UT-Austin Computer Vision Group Datasets

Please find data links below, together with the associated papers.

Outfit Attributes dataset

Images partially annotated for collar type, pattern, material, and skirt/pants shape.

Learning the Latent "Look": Unsupervised Discovery of a Style-Coherent Embedding from Fashion Images. W-L. Hsiao and K. Grauman. In Proceedings of the International Conference on Computer Vision (ICCV), Venice, Italy, Oct 2017. [pdf]

Pano2Vid data

360° videos with human annotated viewing directions. Also contains a set of ordinary videos representing the target output distribution.

Pano2Vid: Automatic Cinematography for Watching 360° Videos. Y.-C. Su, D. Jayaraman and K. Grauman. In Proceedings of the Asian Conference on Computer Vision (ACCV), Taipei, Taiwan, Nov 2016. [pdf]

Predicting the location of "interactees" in human-object interactions

Bounding box annotation for objects and persons involved in interaction from subset images of SUN and PASCAL.

Predicting the Location of "Interactees" in Novel Human-Object Interactions. C-Y. Chen and K. Grauman. In Proceedings of the Asian Conference on Computer Vision (ACCV), Singapore, Nov 2014. [pdf]

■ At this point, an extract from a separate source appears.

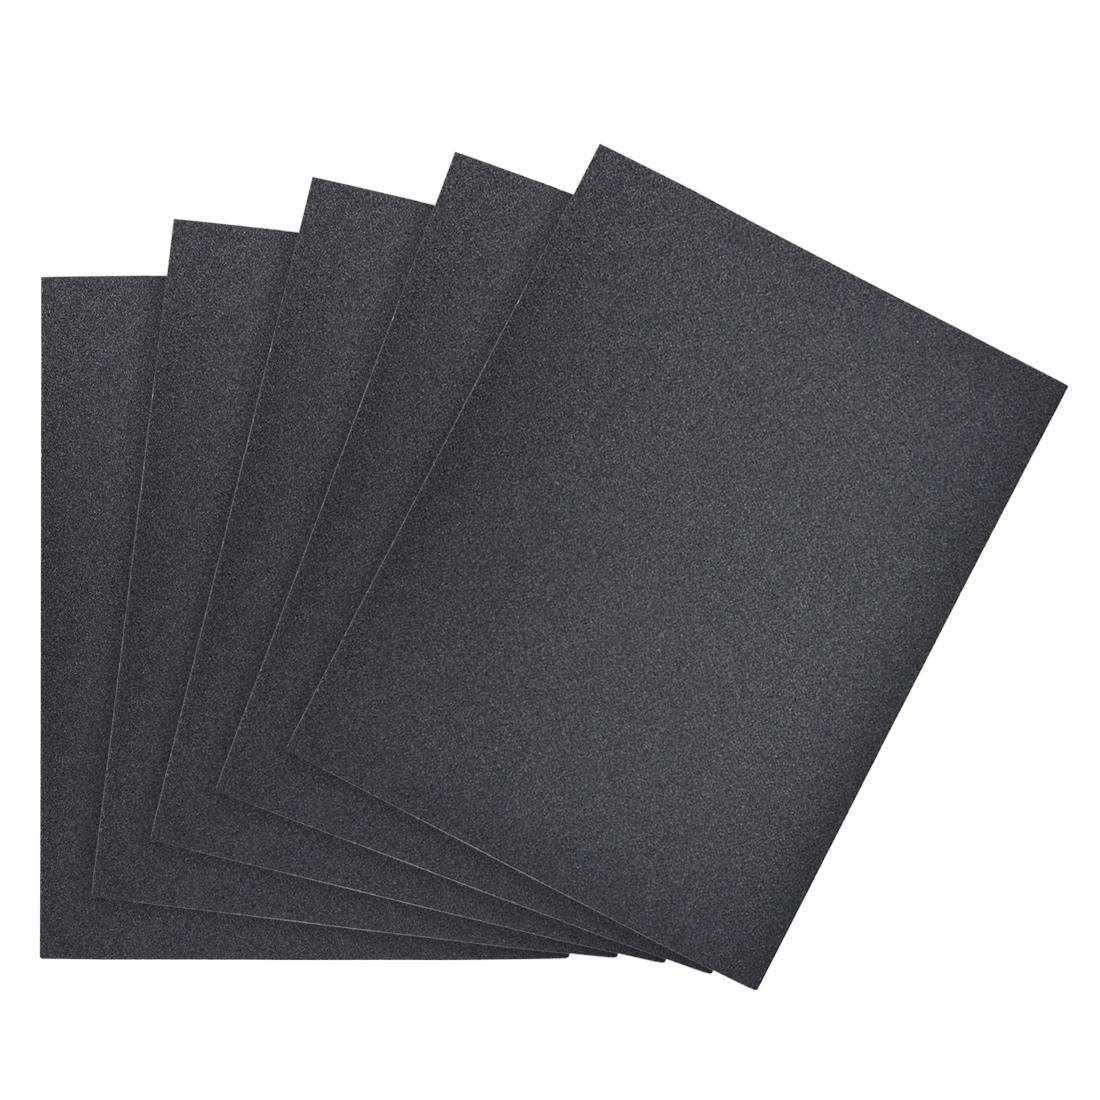 Waterproof Sandpaper, Wet Dry Sand Paper Grit of 120, 11 x 9inch 5pcs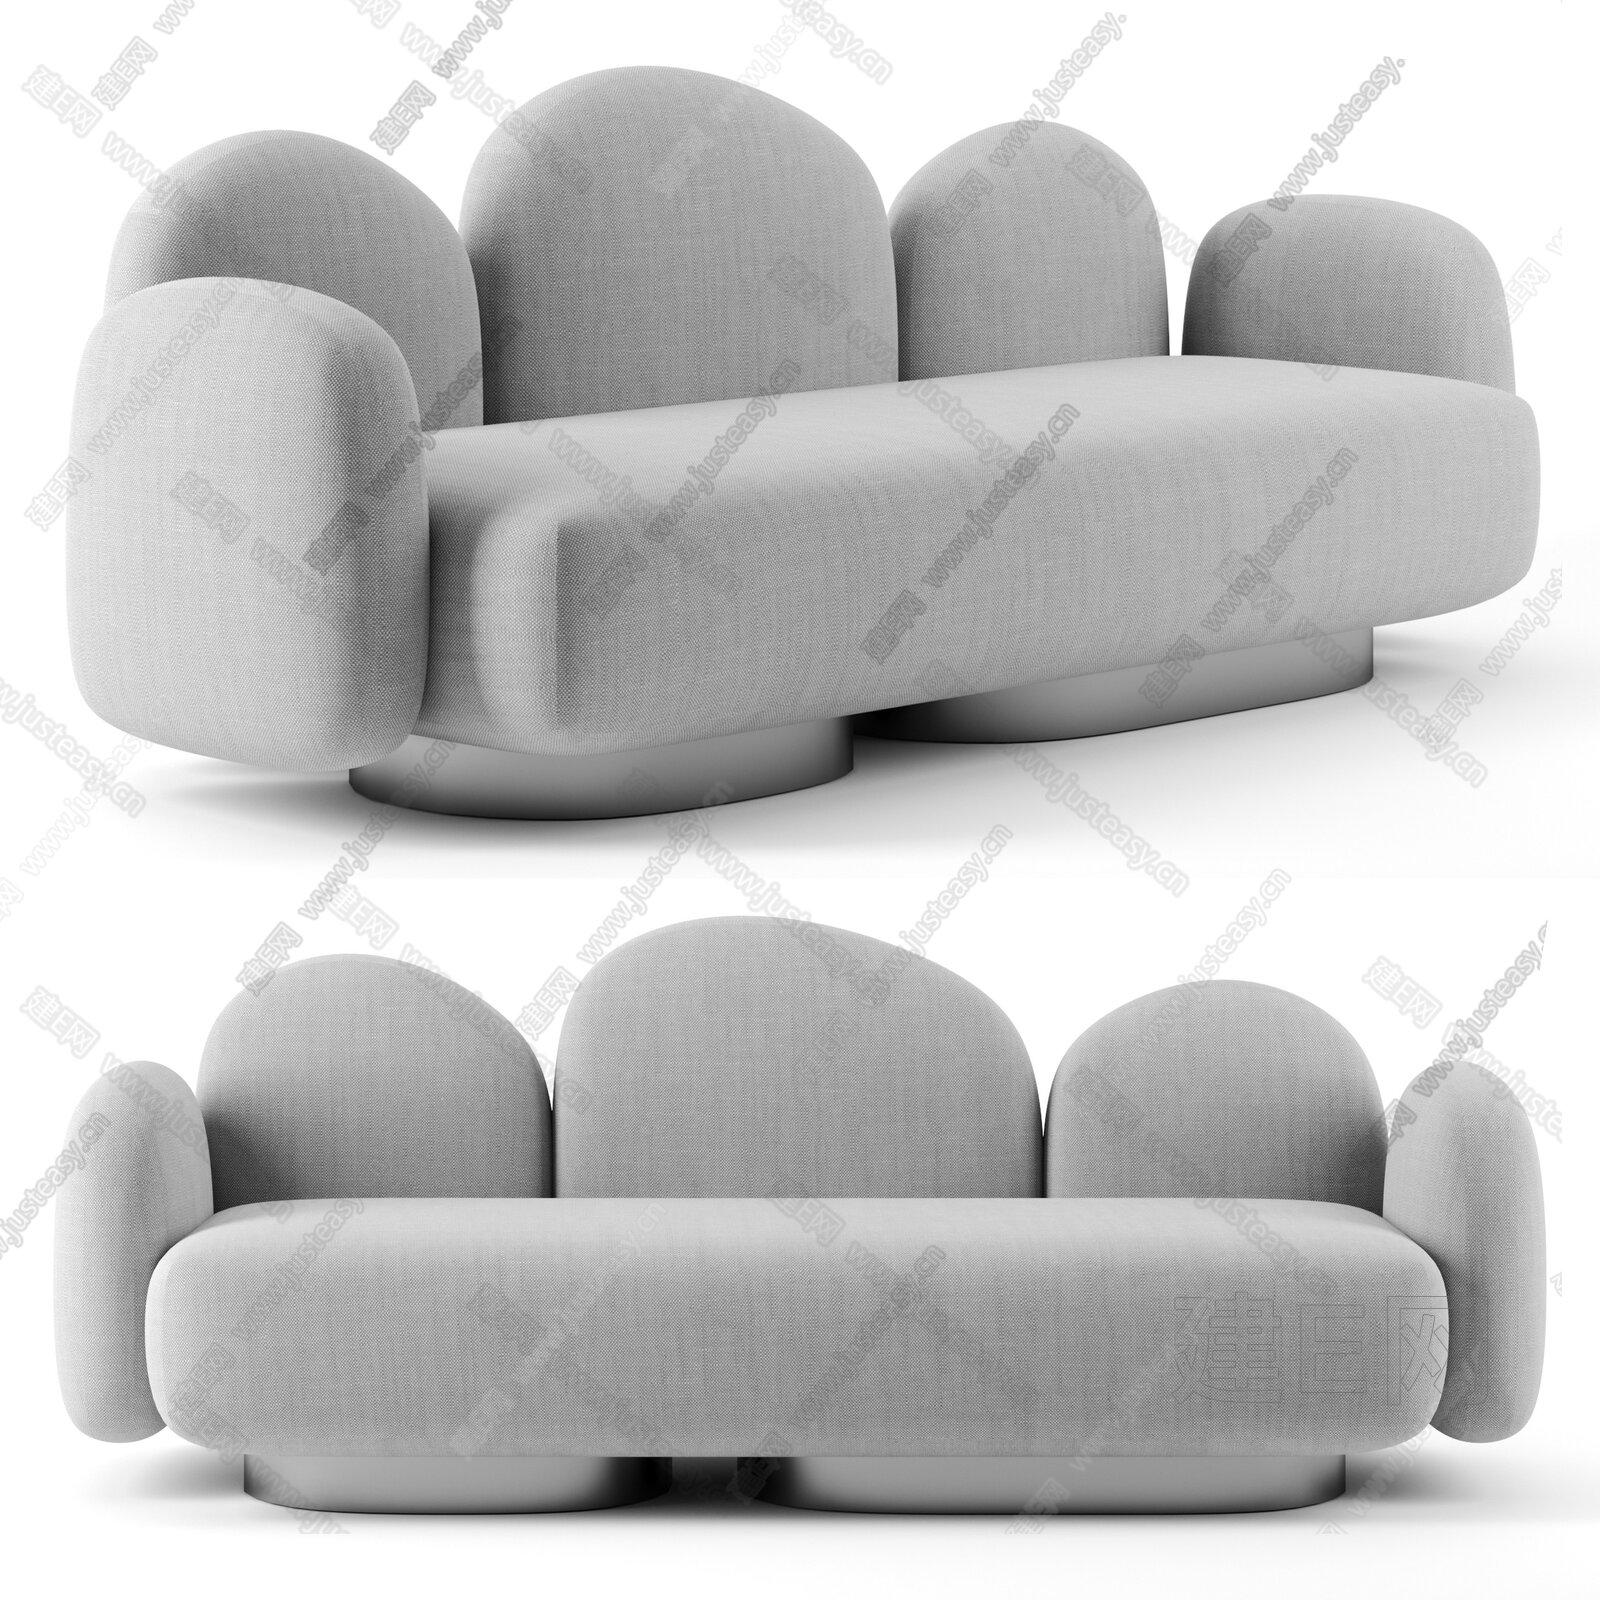 B&B Italia 现代多人沙发3d模型

Text detection ground truth on the Grocery Products and the Glass Video

Text detection ground truth on the Grocery Products dataset and the Glass Video dataset (frames are also included with permissions from the authors)

Text Detection in Stores Using a Repetition Prior. B. Xiong and K.Grauman. In Proceedings of the IEEE Winter Conference on Applications of Computer Vision (WACV), Lake Placid, USA, March 2016. [pdf]

Attributes "shades of meaning" data

Per-user presence/absence label data on 12 attributes, used to discover "shades of meaning" of attributes. Also includes textual explanations the users gave for a select set of labels, and a measure of consistency within a user's own annotations.

Discovering Attribute Shades of Meaning with the Crowd. Adriana Kovashka and Kristen Grauman. International Journal of Computer Vision, Volume 114, Issue 1 , pp 56-73, 2015. [pdf]

UT Zappos50K

Large shoe dataset containing 50,025 catalog images from Zappos.com, along with fine-grained relative attribute labels, annotator rationales, meta-data, and benchmarks.

Fine-Grained Visual Comparisons with Local Learning. A. Yu and K. Grauman. In Proceedings of the IEEE Conference on Computer Vision and Pattern Recognition (CVPR),Columbus, OH, June 2014. [pdf]

YouTube-Objects pixel-level ground truth

Pixel-level object masks for a subset of the YouTube-Objects video dataset. Useful to train or evaluate video foreground segmentation algorithms.

Supervoxel-Consistent Foreground Propagation in Video. S. Jain and K. Grauman. In Proceedings of the European Conference on Computer Vision (ECCV), Zurich, Switzerland, Sept 2014. [pdf]

UT Egocentric Data

Four videos from head-mounted cameras, each 3-5 hours long, captured in an uncontrolled environment. Faces blurred for privacy reasons.

Story-Driven Summarization for Egocentric Video. Z. Lu and K. Grauman. In Proceedings of the IEEE Conference on Computer Vision and Pattern Recognition (CVPR), Portland, OR, June 2013. [pdf]
Discovering Important People and Objects for Egocentric Video Summarization. Y. J. Lee, J. Ghosh, and K. Grauman. In Proceedings of the IEEE Conference on Computer Vision and Pattern Recognition (CVPR), Providence, RI, June 2012. [pdf]

UT Snap Point Dataset

Human judgement on snap point quality of a subset of frames from UT Egocentric dataset and a newly collected mobile robot dataset (frames are also included)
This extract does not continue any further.